What Is Pine Mouth and How to Avoid It

It might sound like something made up, but pine mouth is a real thing — and it's no fun at all for someone suffering from it. And the worst part is, no one really knows what causes it and it's something that basically anyone who ever eats pine nuts, alone or as part of a recipe, might eventually deal with.

What Is Pine Mouth?

Pine mouth occurs when someone eats pine nuts and their sense of taste is temporarily altered, causing most food and drinks to have a bitter taste or metallic taste, according to Cook's Illustrated. Even regular old water is impacted by the taste disturbance, and the cause of the bad taste is a total mystery to scientists.

What Causes Pine Mouth?

The cause of the bitter aftertaste known as pine mouth syndrome is not known. Previously, researchers thought that a variety of Chinese pine nuts called P. armandii (or Pinus armandii) was the source of the issue, according to Bon Appetit, but there isn't strong evidence that's definitely the case.
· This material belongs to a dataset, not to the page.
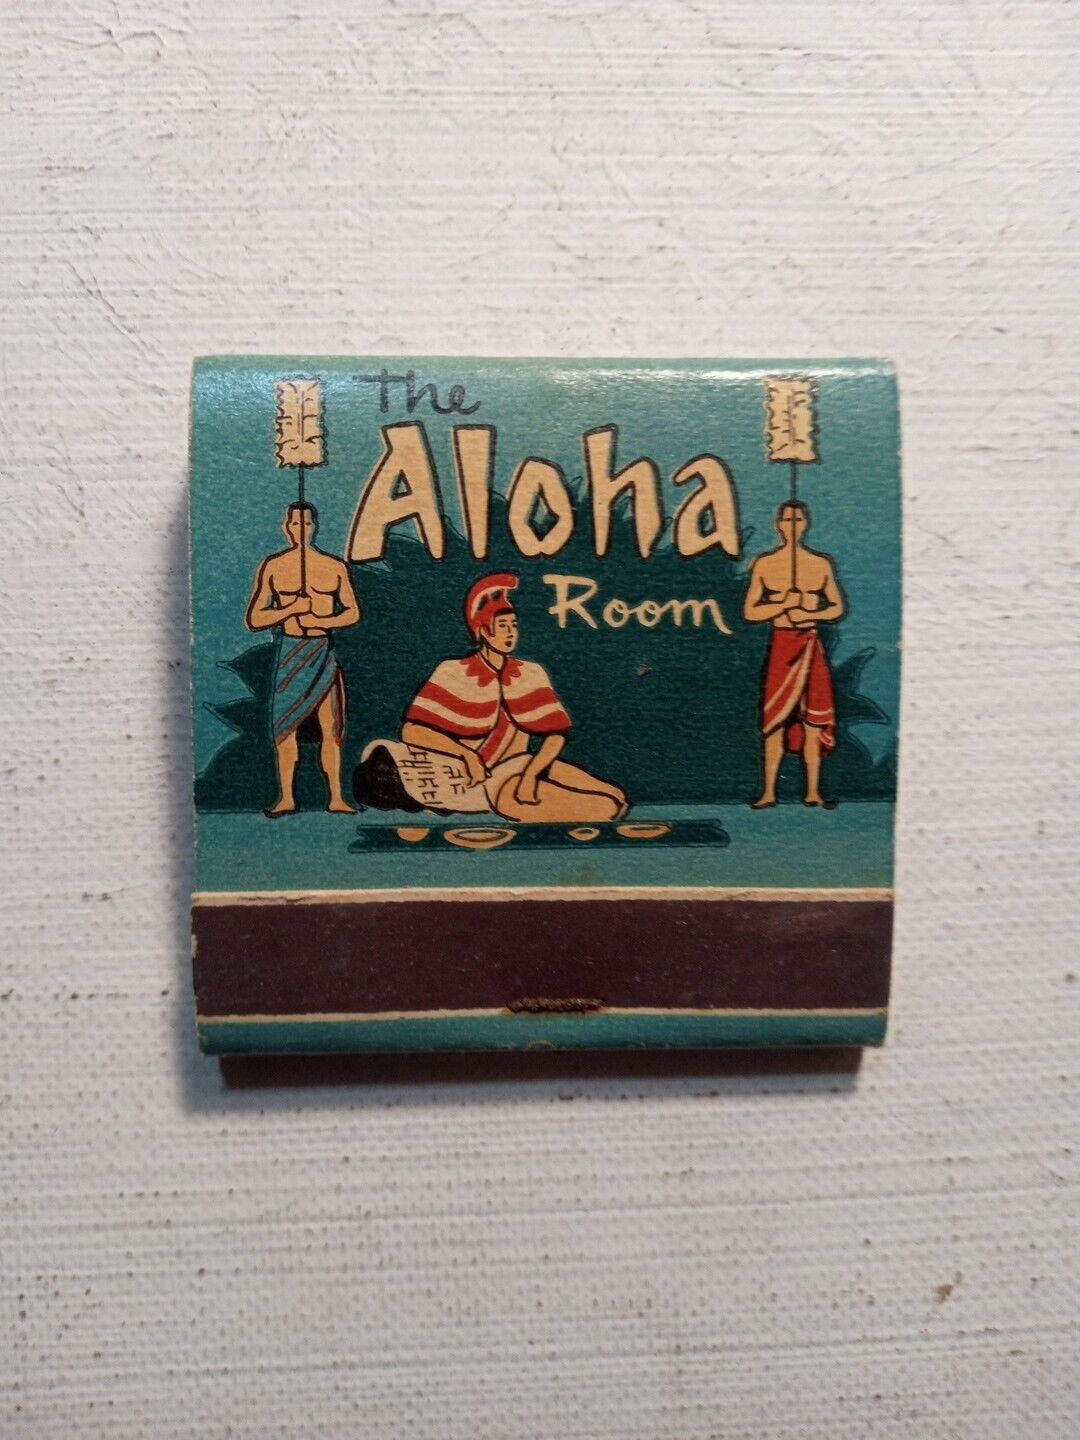 Aloha Room Heathcliff Hotel Portland Or. Vintage Matchbook Unstruck Missing One

"It's unclear what causes the reaction," Berkeley Wellness reports. "Whether it's from a specific species of pine nut...the oils in them going rancid, or some contaminant." The outlet adds that the Food and Drug Administration (FDA) has determined pine nut syndrome is not a food allergy, it's just a really unpleasant experience for your taste buds.
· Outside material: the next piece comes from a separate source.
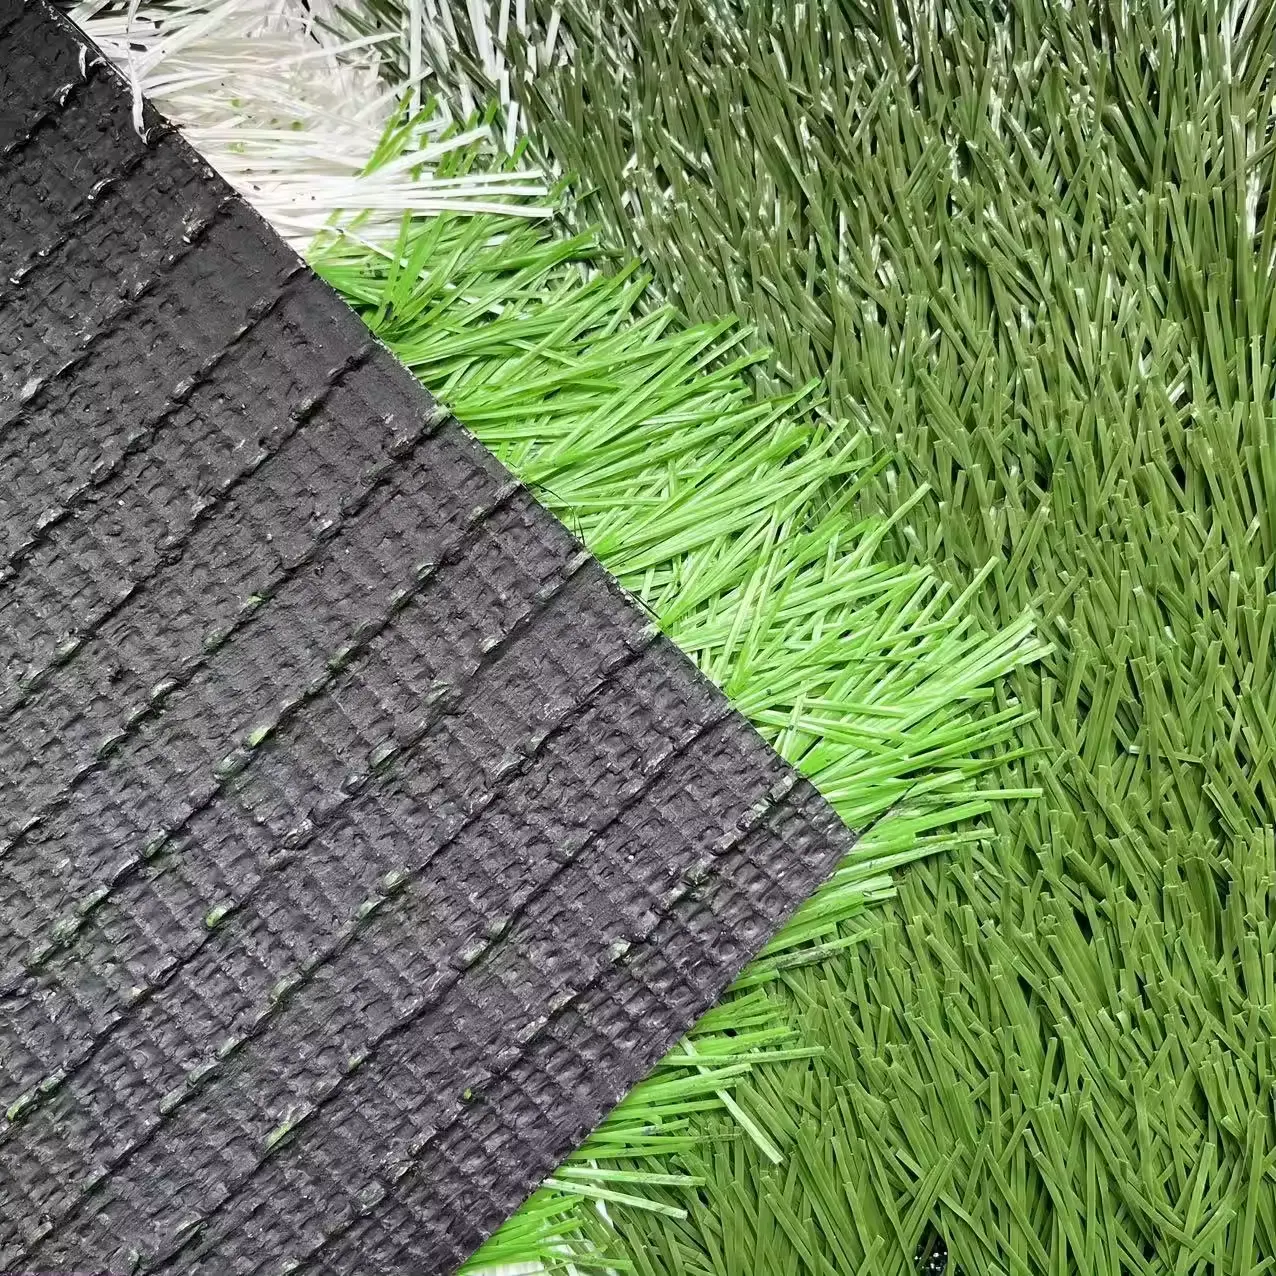 Alfombra de césped sintético verde de césped Artificial de alta densidad panorámica para campo de fútbol suelo deportivo Cancha de Pádel de fútbol

How Long Does Pine Mouth Last?

It's not obvious immediately after you eat pine nuts that you could end up experiencing this weird side effect. "The condition emerges hours or even days after ingestion and lingers for as long as two weeks," Cook's Illustrated reports. That's a long time to deal with such a gross problem after the simple consumption of pine nuts, but it's not forever, thankfully.

How Do You Avoid Getting Pine Mouth?

Pine Nuts

Getty Images/4kodiak

To avoid getting pine mouth altogether, you've just got to avoid pine nuts. Barring that, you can steer clear of pine nuts exported from the Shaanxi and Shanxi regions of China, which the NSW Food Authority notes as a possible source of the issue — though, again, that finding is inconclusive.
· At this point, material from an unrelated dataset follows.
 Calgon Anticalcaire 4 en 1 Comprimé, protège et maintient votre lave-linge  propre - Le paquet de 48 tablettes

Cook's recommends purchasing Middle-Eastern or European-grown pine nuts and either refrigerating or freezing them in well-sealed containers to avoid any possible rancidity. That means checking that bag of pine nuts before you buy it from a grocery store like Trader Joe's to see if it has an origin listed.

The truth is, if you're making something like hummus or pesto that requires the use of pine nuts, or you just like munching on them as a snack, you're pretty much always taking the risk of getting pine mouth. But it's not super common, and they are super delicious, so is it worth it?